When I was a freshman in college one of the first history classes I took included a tour of the university’s main library and an introduction to its vast card catalog, the like of which none of us had ever seen. Our professor patiently explained the arcana of the Library of Congress subject heading system, showed us how a work might turn up in the catalog either by title, author, or subject heading, and then sent us off on a scavenger hunt through the thousands of little file drawers. By the end of our class period, each of us had the beginnings of a bibliography on the subject of our course.
That first foray into the world of real historical research was fun, overwhelming, and educational all at the same time. But it was also limited to secondary sources and was entirely limited to those works available in the university library.
How the history student’s world has changed.
Today our students are face to face with access to primary and secondary sources beyond count–quite literally tens of millions of primary sources and an equally large and growing corpus of scanned secondary works. My professors taught me in a pedagogical world based on scarcity. Today we teach in a world dominated by abundance.
“Big data” is one of the “big ideas” of the current decade across many sectors of the information economy and historians and other humanists have already begun working on exciting projects [see also and also] that are helping us find ways to mine emerging super massive datasets of historical information. One maturing example is the Criminal Intent project funded by the NEH’s Digging into Data program (my colleagues Fred Gibbs and Dan Cohen are central players in this project).

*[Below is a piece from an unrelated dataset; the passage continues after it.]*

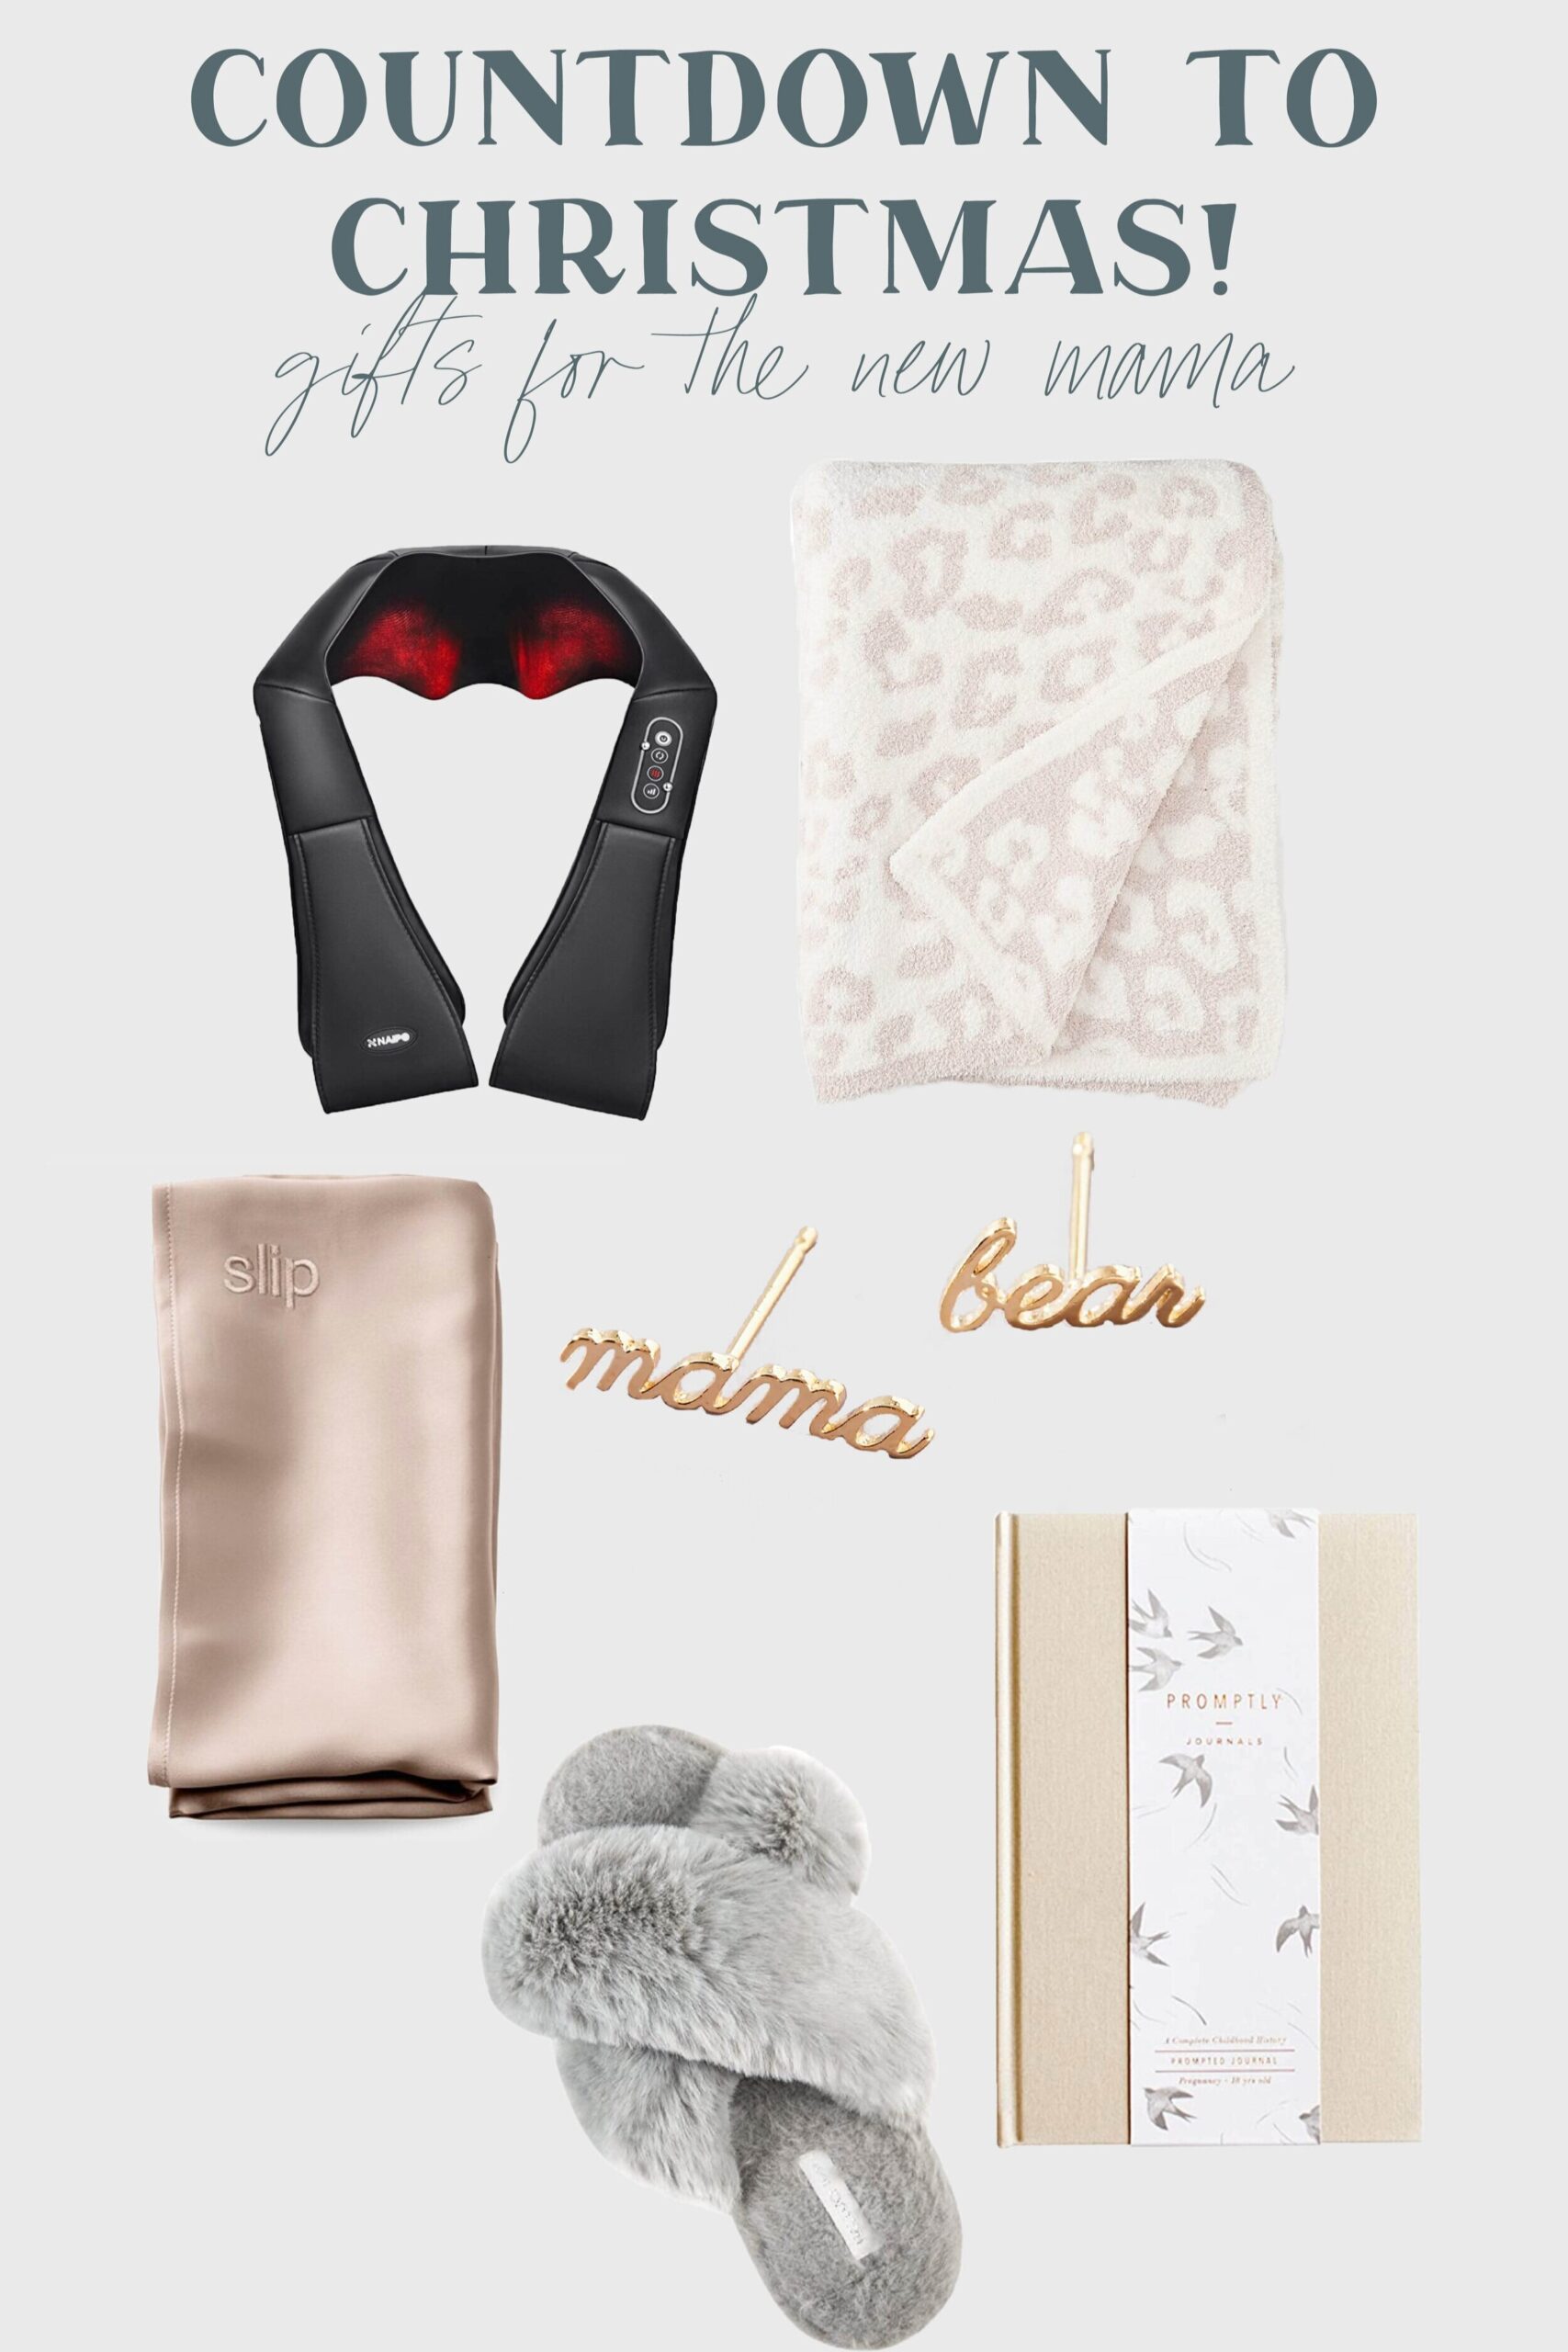 Gifts for the New Mama

As exciting as the Criminal Intent project and other similar data mining efforts are, they are currently operating at a level a bit to complex for the average undergraduate. Simpler data mining tools like Google’s NGram viewer offer a more frictionless introduction to data mining concepts. For instance, I’ve written about how undergraduates might use the NGram viewer to mine millions of words from the Google book database and begin to think about what sorts of historian’s questions might then come out of such a mining exercise.
Right now, today, getting much beyond these basic sorts of exercises with undergraduates will be difficult. But it is useful to remember that ten years ago it was not so easy to make a web page. Before too much longer the user interfaces for mining massive data sets of historical information — especially texts and images — will be appropriate for the undergraduate curriculum. That means it is already past time for historians to be thinking about how we can incorporate data mining into the undergraduate curriculum. Some interesting graduate syllabi have begun to appear, but data mining, whether text or image mining, seems to be largely absent from the undergraduate history curriculum.

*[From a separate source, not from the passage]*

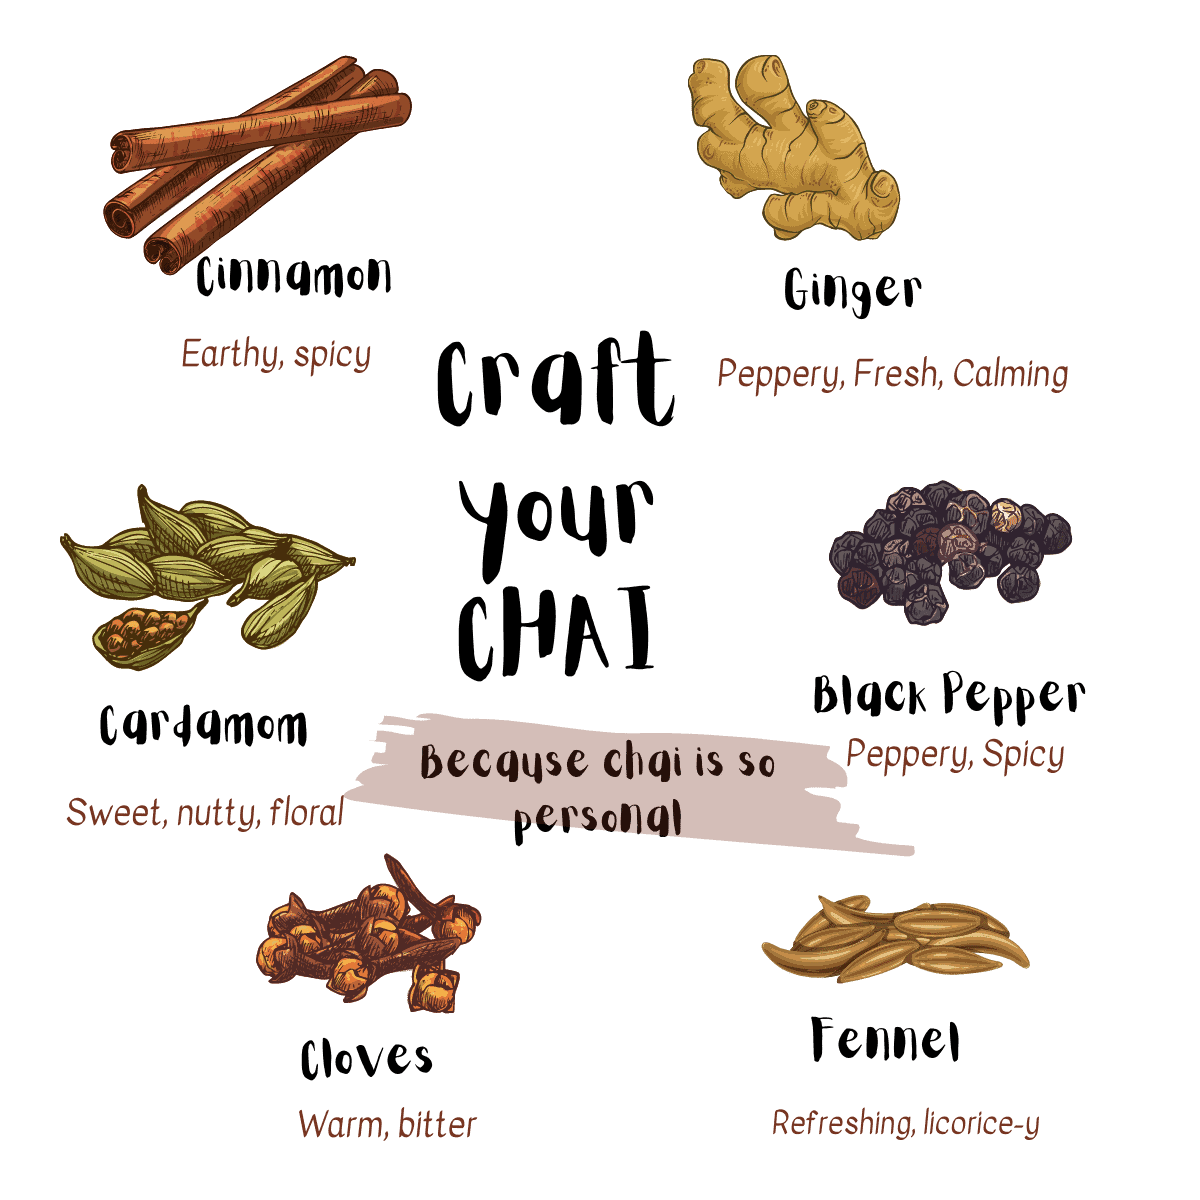 Infographic with pictures of spices along with their flavor profile

Imagine, for instance, a course that begins with the simplest tools, such as Many Eyes or the NGram viewer, helping history students to see both the strengths and weaknesses of these tools. From there the course could move on to increasingly complex forays into data mining, letting the students range further and further afield as their skills grow. Our colleagues in computer science have already developed such courses, but such courses would need to be adapted heavily for them to work with history students who (mostly) lack the background in programming.
In my previous post I pointed out that incorporating “making” into the history curriculum gives us opportunities to build connections to other academic disciplines (art, engineering, graphic design). Data mining offers us similar opportunities (computer science, library science, computational sciences). The more creative we can be about building such linkages, the richer our curriculum can be and the better prepared our students will be for the world they’ll face when they graduate.
But just as important, we’ll be training a new generation of historians to work with the unimaginable wealth of historical information that a decade’s worth of scanning and marking up of texts, images, video, and sound files, has made available to us all.